● **ASSIGNED TASK**:
Return all the data below as it stands, minus the pictures.

Stored dataset items
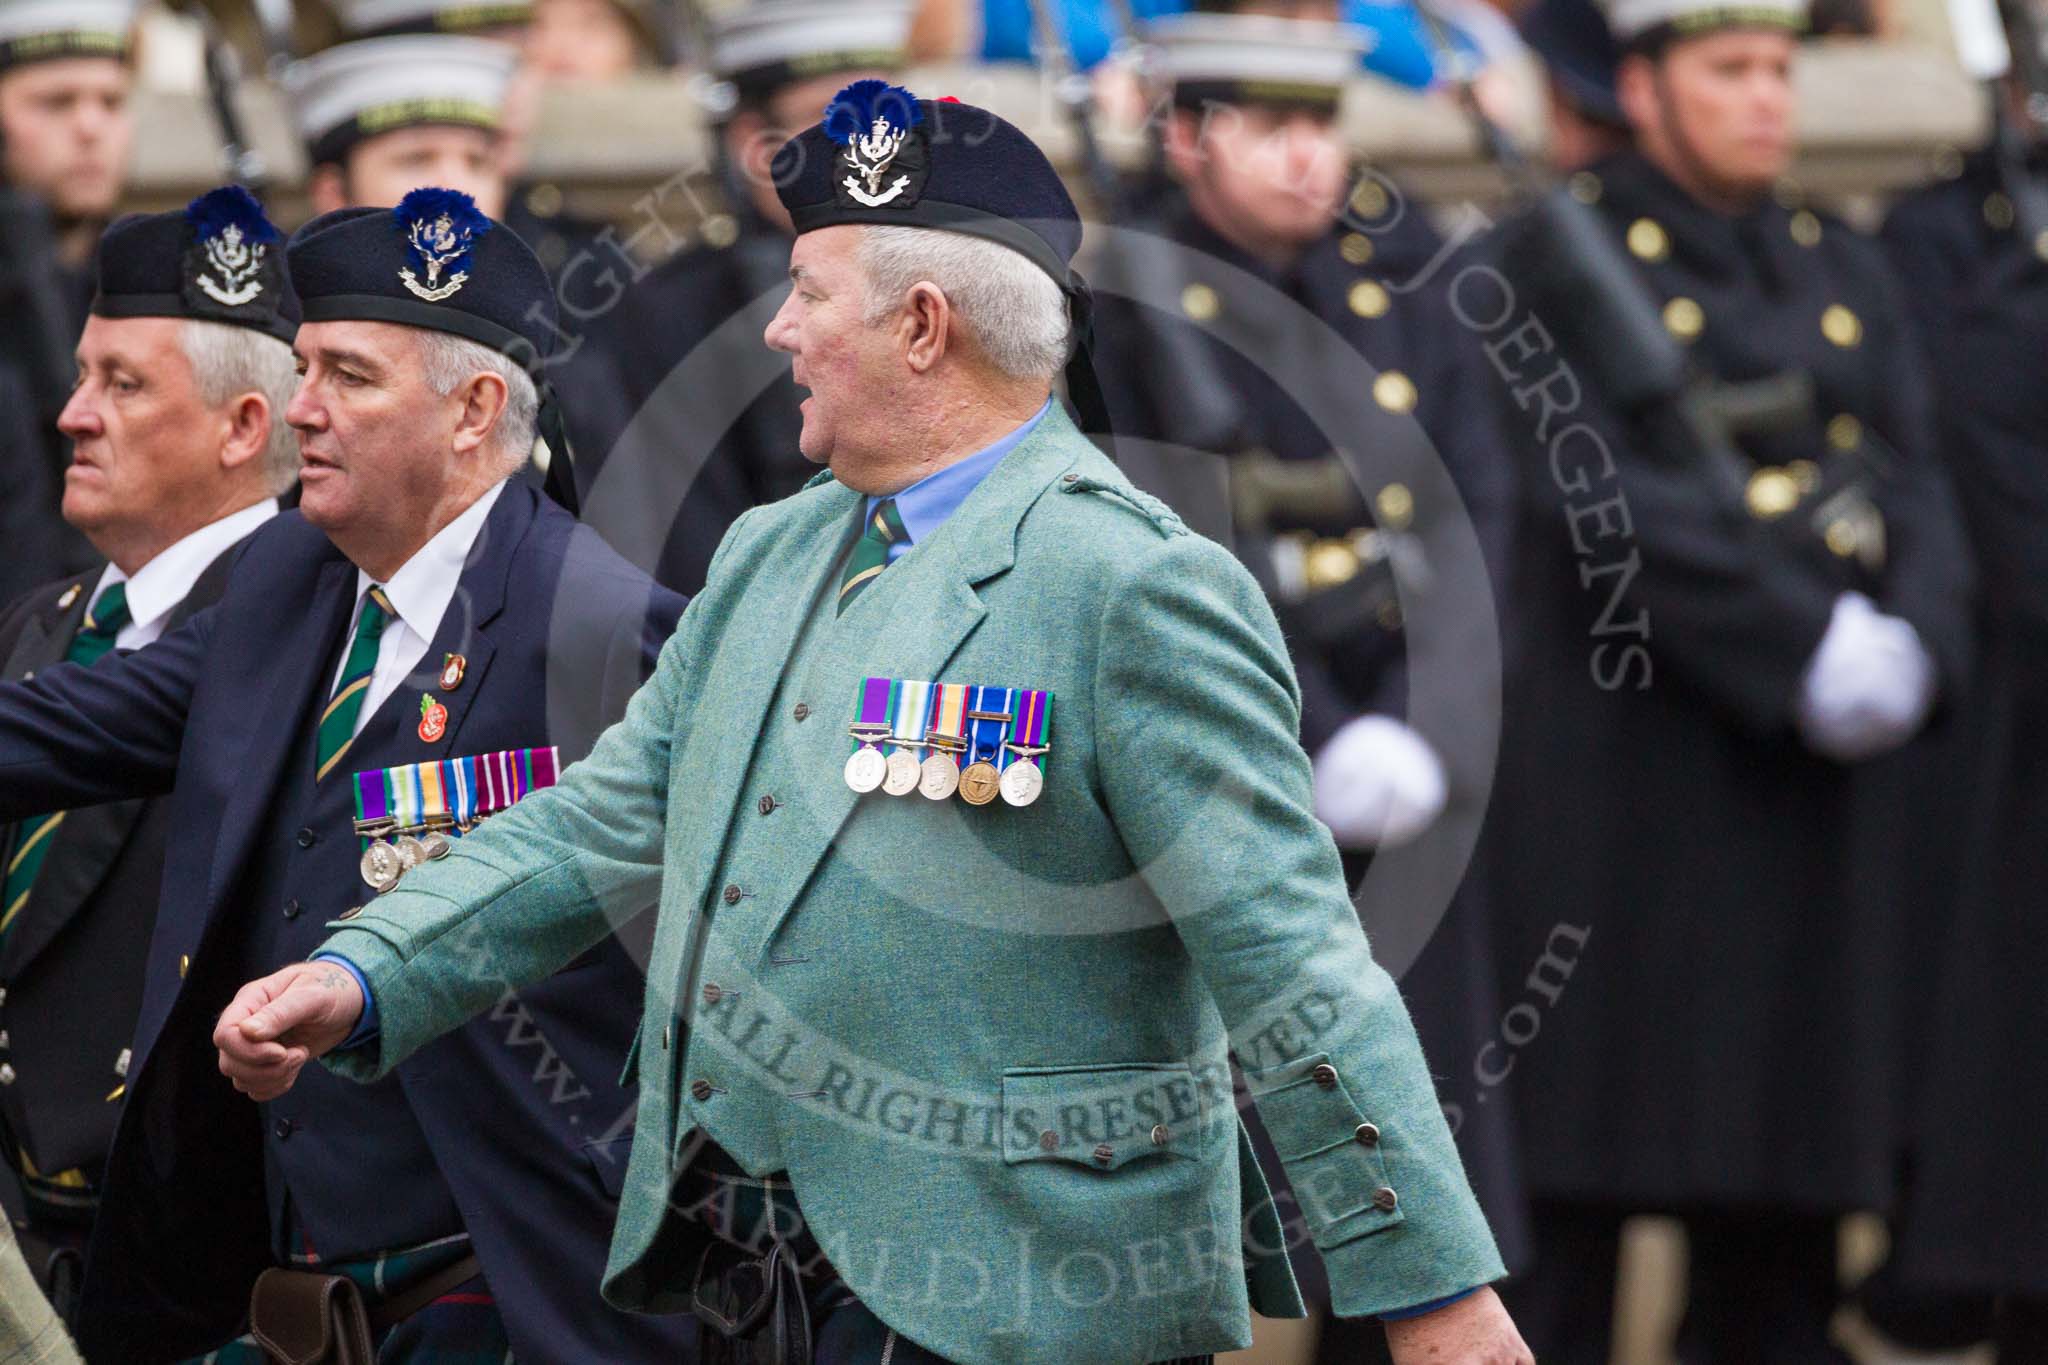 Remembrance Sunday at the Cenotaph 2015: Group A8, Queen's Own Highlanders Regimental Association.
Cenotaph, Whitehall, London SW1,
London,
Greater London,
United Kingdom,
on 08 November 2015 at 12:10, image #1243

● **OUTPUT**:
 Remembrance Sunday at the Cenotaph 2015: Group A8, Queen's Own Highlanders Regimental Association.
Cenotaph, Whitehall, London SW1,
London,
Greater London,
United Kingdom,
on 08 November 2015 at 12:10, image #1243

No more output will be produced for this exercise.